In one embodiment, a control reagent may be designed and tested using one or more of the steps below:
In certain embodiment, individual cassettes can be synthesized for all genes of interest and combined with wild type. In certain embodiments, a cassette can be designed with a plurality of variants, which do not interfere with the detection of variants near or adjacent thereto.

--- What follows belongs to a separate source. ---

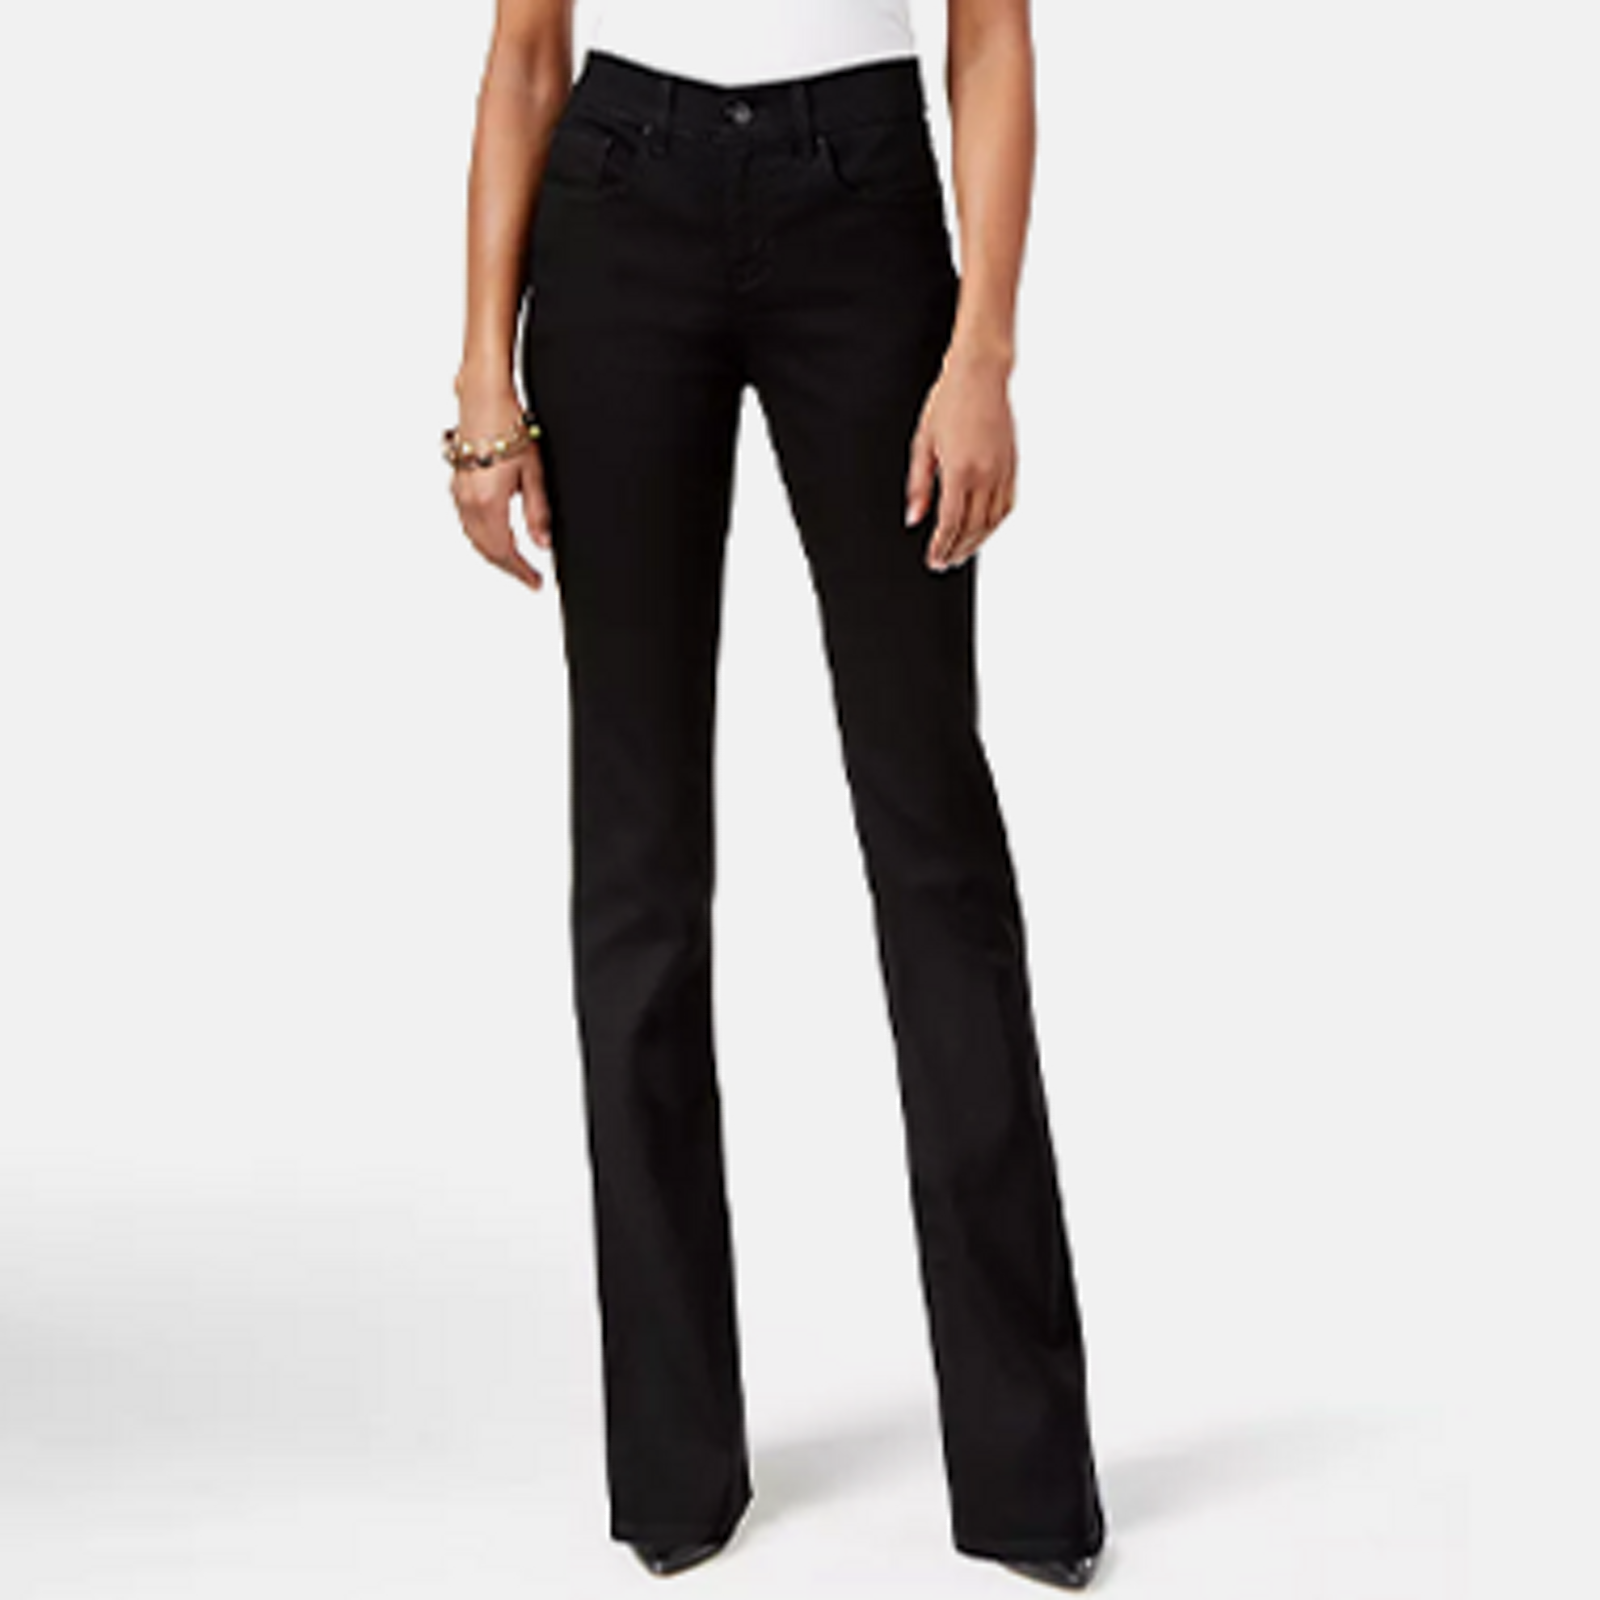 Jeggings Colored Jeans For Women - Macy's
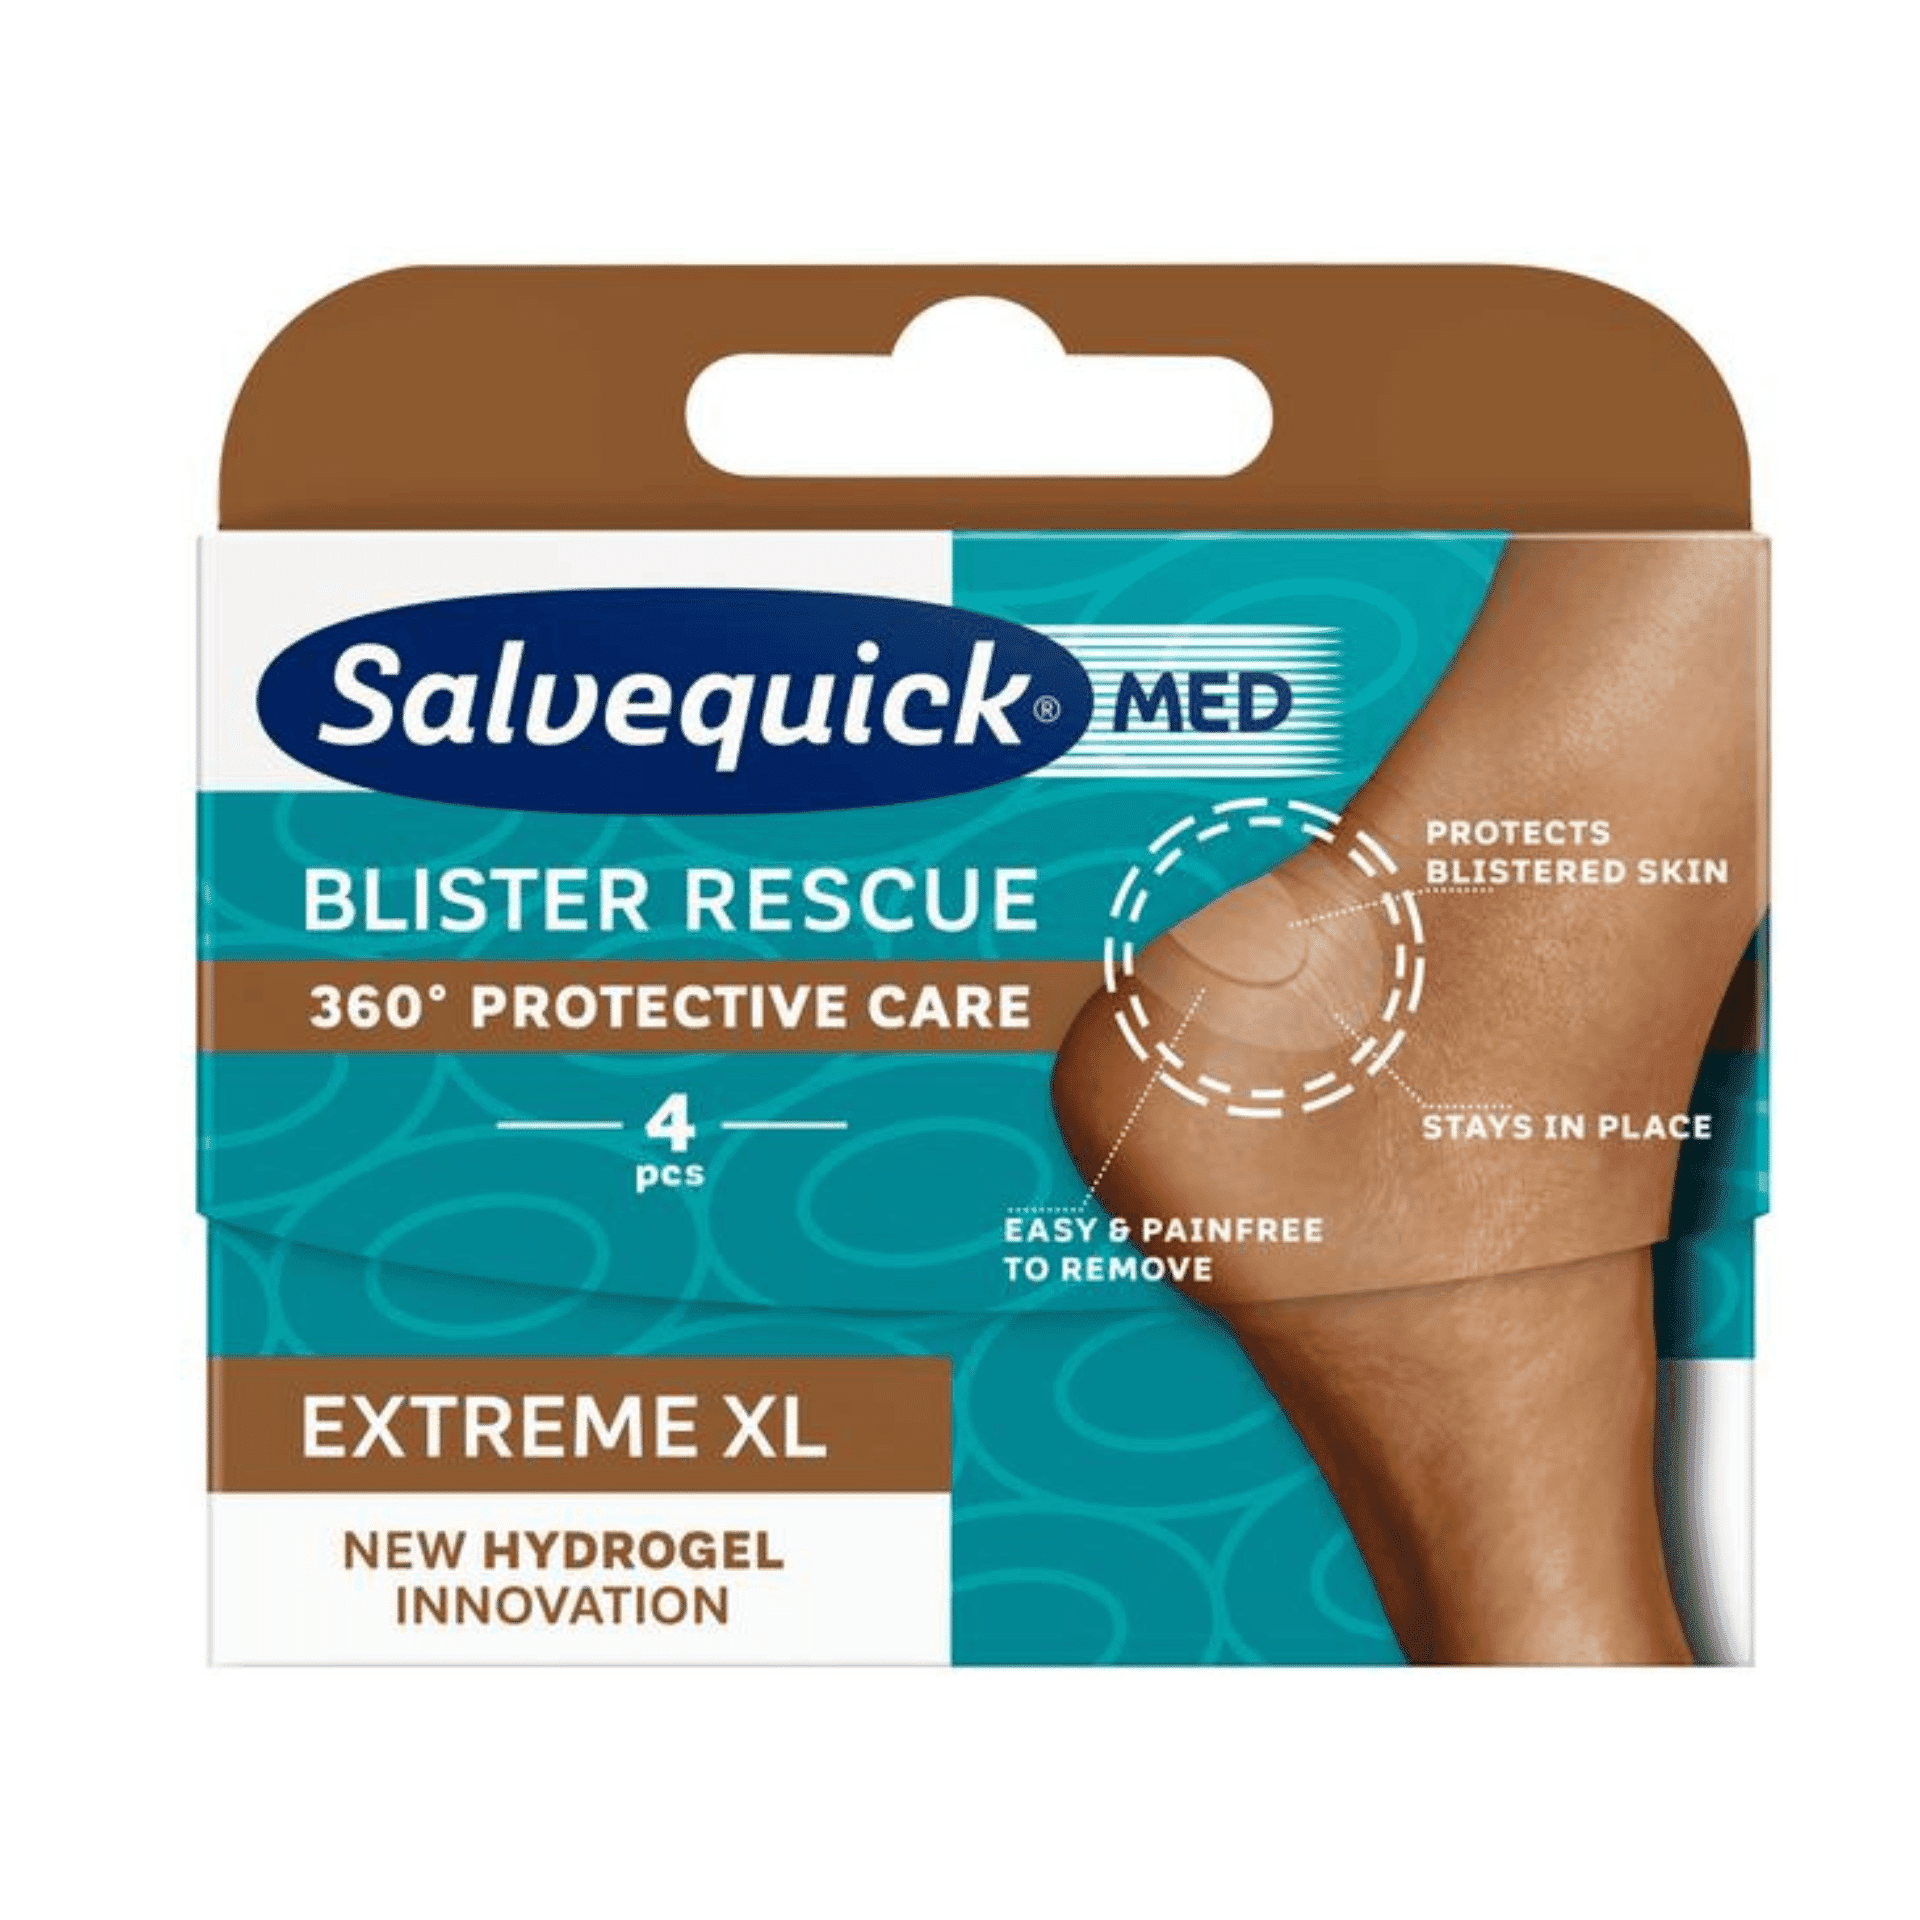 Salvequick Med Blister Rescue Extreme XL

In some embodiments, NGS may be performed using the Ion Personal Genome Machine (PGM) by first constructing libraries following the user manuals for the Ion AMPLISEQ® Library Preparation Manual with AMPLISEQ® Cancer Hotspot Panel v2 reagents; preparing template-positive Ion sphere particles (ISPs) and enriching the same using the Ion OneTouch2 instrument following the Ion PGM Template OT2 200 Kit Manual; sequencing using the Ion PGM Sequencing 200 Kit v2 Manual or Sequencing on the Illumina MISEQ® following the TRUSEQ® Amplicon Cancer Panel user manual or the Illumina MiSeq® user manual; and, performing data analysis for PGM using the Torrent Variant Caller v3.4 and v3.6, and for MISEQ® using the MISEQ® Reporter v2.3).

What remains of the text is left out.